Его принимали в зарубежные академии. Поначалу это было приятно, хотя и смешно; потом реакция упростилась до досады. Не потому, что на поездки в те палестины времени было жаль, — время он никогда не считал, не торопил его и не экономил; он просто не брал его в расчет. Такое отношение к времени сложилось не сразу. В юности Н не думал о нем, но где-то лет с двадцати — да, именно тогда все и началось, — так вот, где-то лет с двадцати время стало напоминать о себе. Оно то и дело возникало за спиной, теребило, подталкивало, торопило, — короче говоря, строило серьезную мину и при любом случае давало понять, кто в доме хозяин. Долго терпеть такое было не в его характере, и когда конфликт созрел — Н решил определиться с отношением к времени раз и навсегда. Просмотрел кучу литературы, в том числе и эзотерической, а две-три монографии изучил, как говорится, от корки до корки. Работы были фундаментальные и понравились ему, но это вовсе не означает, что он воспринял их всерьез. Как настоящий ученый, он знал, что через 10–20–50 лет наука станет совершенно иной, и потому относился и к собственным успехам и к современной науке с мягкой иронией. Вывод, который он для себя сделал, был таков: время — это фантом, такая же выдумка человеческого мозга (придуманная для удобства), как логика и причинная связь. И с тех пор не брал время в расчет. Кстати, и свою жизнь он не принимал всерьез, но ни разу не проговорился об этом — все равно б не поверили, да у него и не было потребности раскрываться: свои проблемы он всегда решал сам.

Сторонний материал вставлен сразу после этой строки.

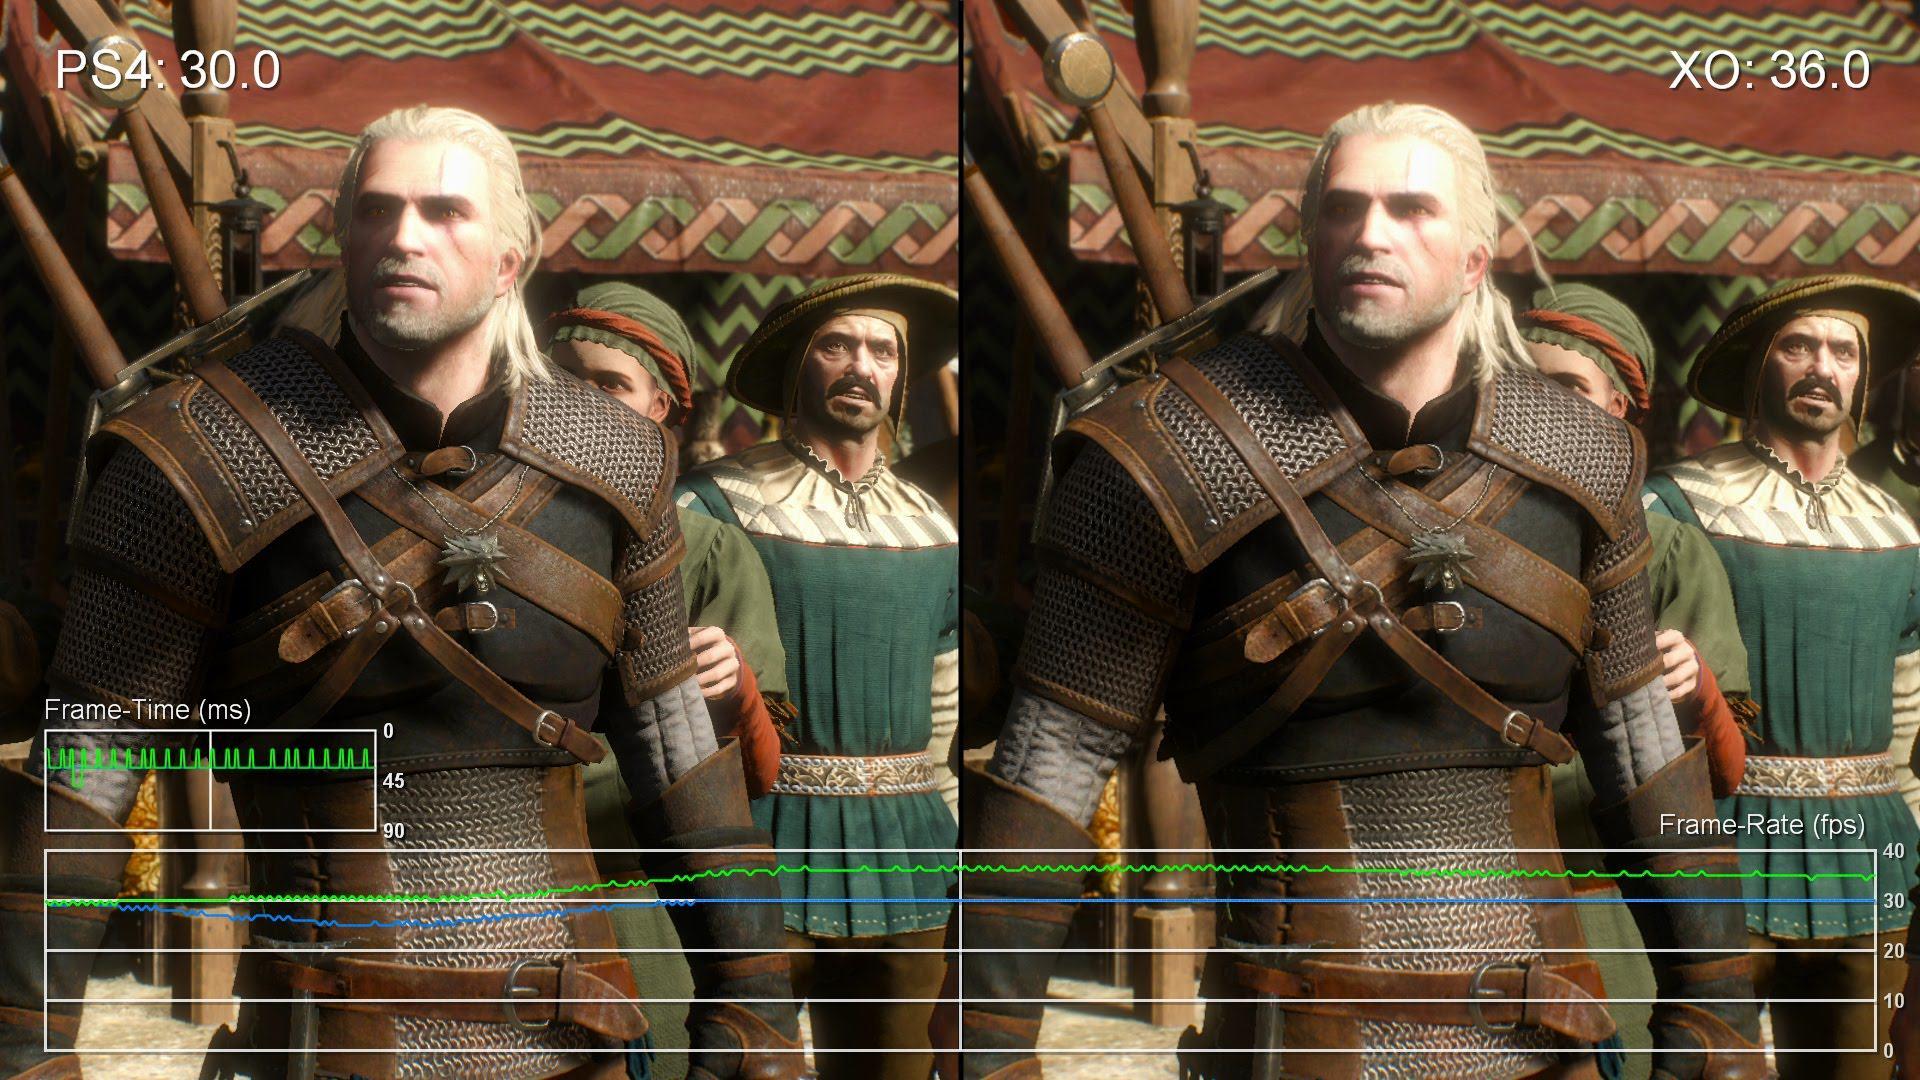 مقایسه ی گرافیکی The Witcher 3: Wild Hunt

Так вот, к чествованиям по поводу присвоения ему очередного почетного академического звания он относился с покорным терпением. Не хотел обижать зарубежных коллег, для которых выбор именно его кандидатуры был полон смысла (как сейчас принято говорить — был знаковым), поскольку подчеркивал окрас их мировоззрения. Н с сожалением покидал свою клинику, летел за тридевять земель, размещался в роскошном «Хилтоне», надевал свой смокинг, сделанный когда-то при личном участии Славы Зайцева, — и отдавался на милость хозяев. Улыбался, выслушивал в отвратительном переводе хвалебные благоглупости, благодарил, улыбался, говорил добрые слова, а иногда — если видел, что их от него ждут — и умные слова. Не умничал — вот этого он терпеть не мог. Но подкинуть идейку-другую, причем действительно экспромтом, без подготовки (профессионалы это различают сразу) — это он умел, этим был известен, этого от него ждали. Ему все это было не нужно — ни почести, ни новые связи, ни случайные идеи, — но он не подавал виду и никогда не думал о таких днях, как о потерянном времени. Раз оно так легло в его судьбу, значит, для чего-то оно было нужно, скажем, его душе, которая не противилась поездке. Отбыв ритуал и оказавшись наконец в самолете, он тут же стирал в памяти людей и события, в которых только что участвовал. Впрочем, на письма коллег он отвечал. Был краток и ясен. В отличие от его любимого Стендаля, он не держал на столе — как образец для подражания — кодекс Наполеона, но зеленый томик самого Стендаля (издание Галимара, если мне не изменяет память, 1876 года) лежал на столе неизменно. Стоило прочесть наугад одну страницу — и в нем возникал ритм, который рождал слова и мысли и тот особый тон, благодаря которому его корреспондент даже не подозревал, что Н его совершенно не помнит.